Bonjour
Christophe DEPREZ wrote
Je ne voudrais pas susciter de polémique, mais quel est l'intérêt de ce
fichier Adresse.odb qui est créé lors de la déclaration de la source de
données à partir d'un classeur...
Le publipostage nécessite (1) une source de données (2) connue du
système.
Le (1) dans LibreOffice est un fichier .odb qui soit contient directement
une base de données au format de LibreOffice, soit les informations
permettant de se connecter à "autre chose" : classeur, base externe
(mysql, postgres, access, etc.).
Ceci est la première "raison" de l'existence du fichier .odb.
Un fichier odb peut aussi comprendre des formulaires (avec une
source "tableur" ils ne permettent que la consultation des données)
et des "rapports".
La troisième raison est le (2) ci-dessus : le publipostage nécessite
que la base soit "connue", référencée. Ce référencement n'est possible
qu'avec des bases de données ODF (donc pas directement un classeur).
Christophe DEPREZ wrote
...que je renomme toujours en nom du
classeur.odb ... et que j'enregistre dans le même répertoire)

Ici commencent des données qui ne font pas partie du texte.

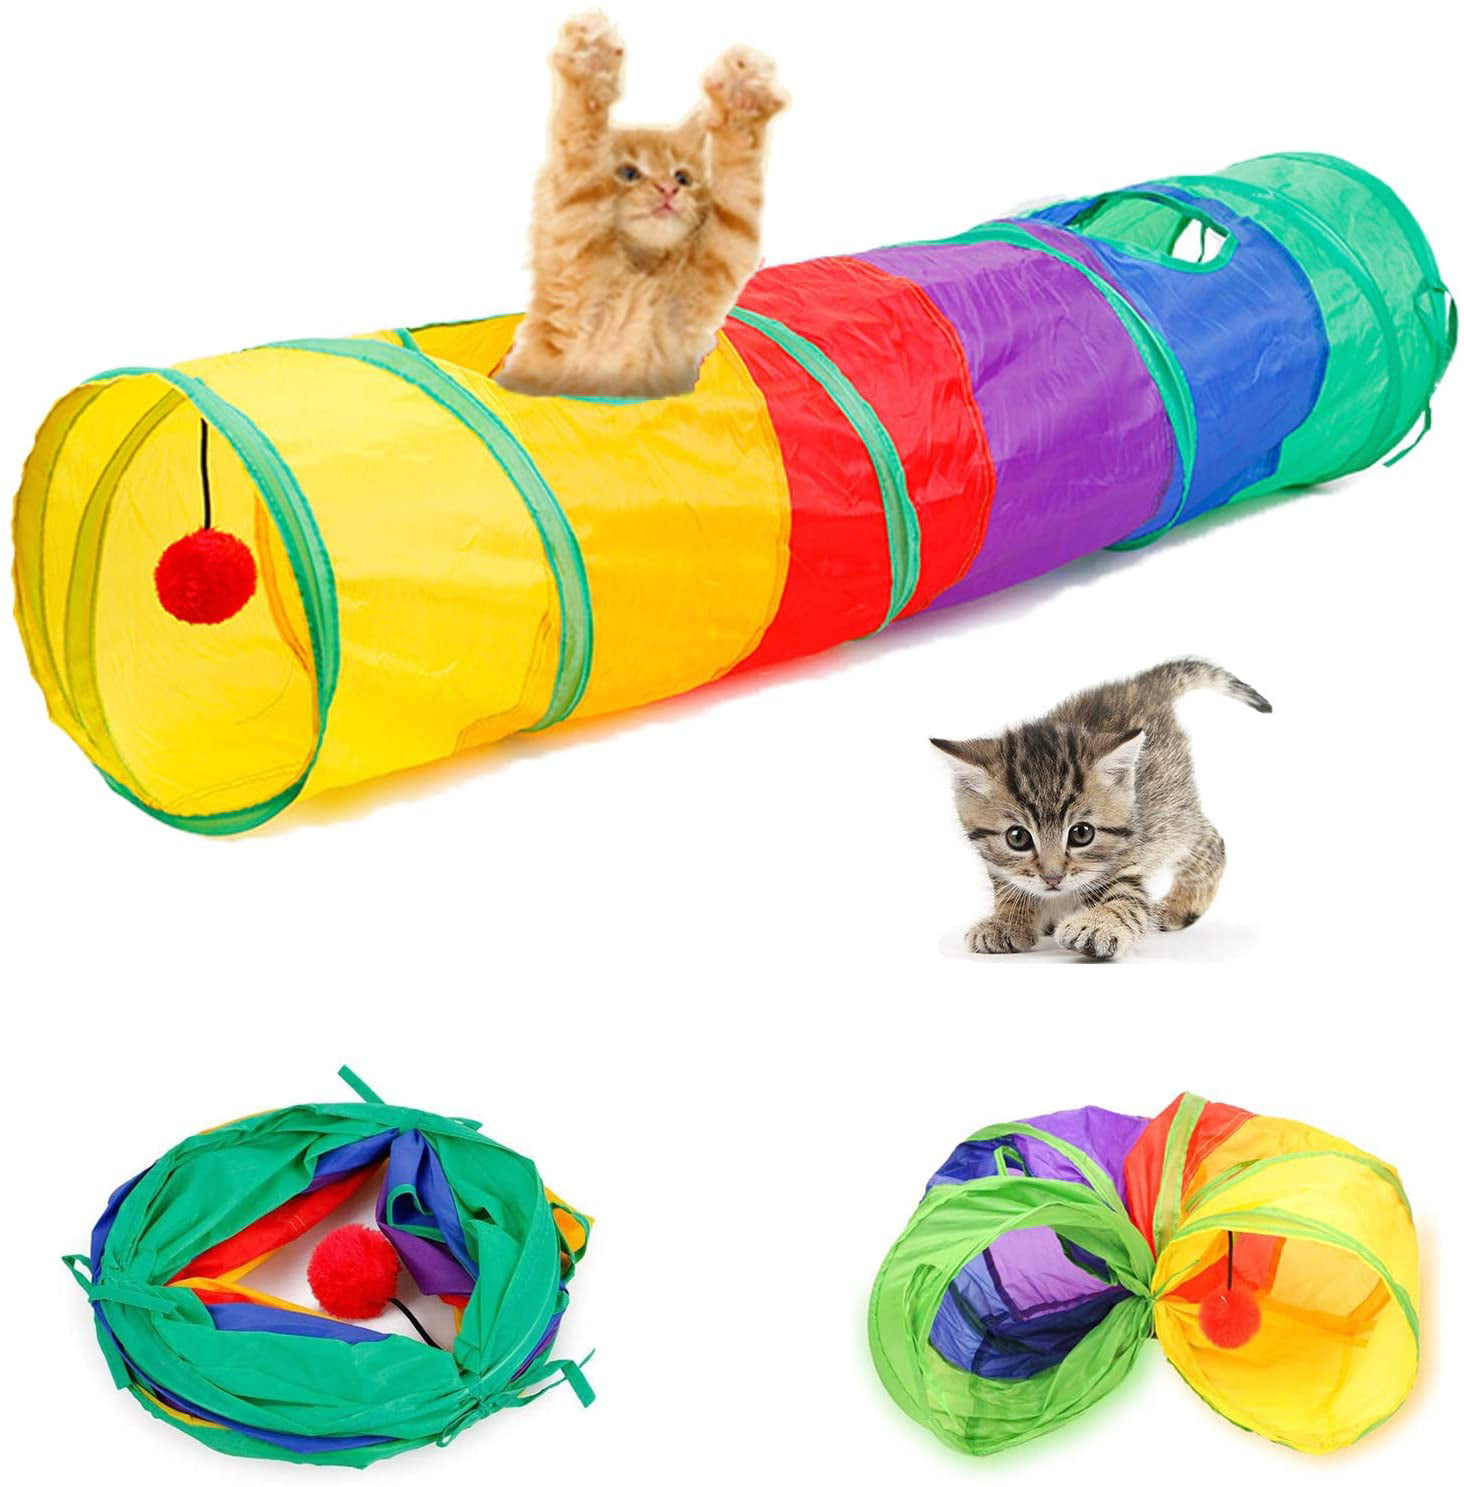 Prima Cat Play Tunnel Collapsible Tube Toy Suede for Small Animals Bunnies Kittens with Crinkle Paper

Lors des formations sur le publipostage, nombre de stagiaires
s'interrogent sur l'utilisation/l'utilité de cette base.
Cette remarque est tout à fait pertinente car elle révèle les
"défauts" (AMA) de la création "transparente" du fichier odb
En formation je présente (et préconise) toujours la création "aidée"
de la base de données. Cette FAQ détaille tout cela :
https://wiki.documentfoundation.org/FR/FAQ/Writer/129
Par ailleurs je voudrais lever une ambiguïté potentielle :
Jean Michel PIERRE wrote
Ce fichier est le connecteur au fichier Calc.Il en a le même nom.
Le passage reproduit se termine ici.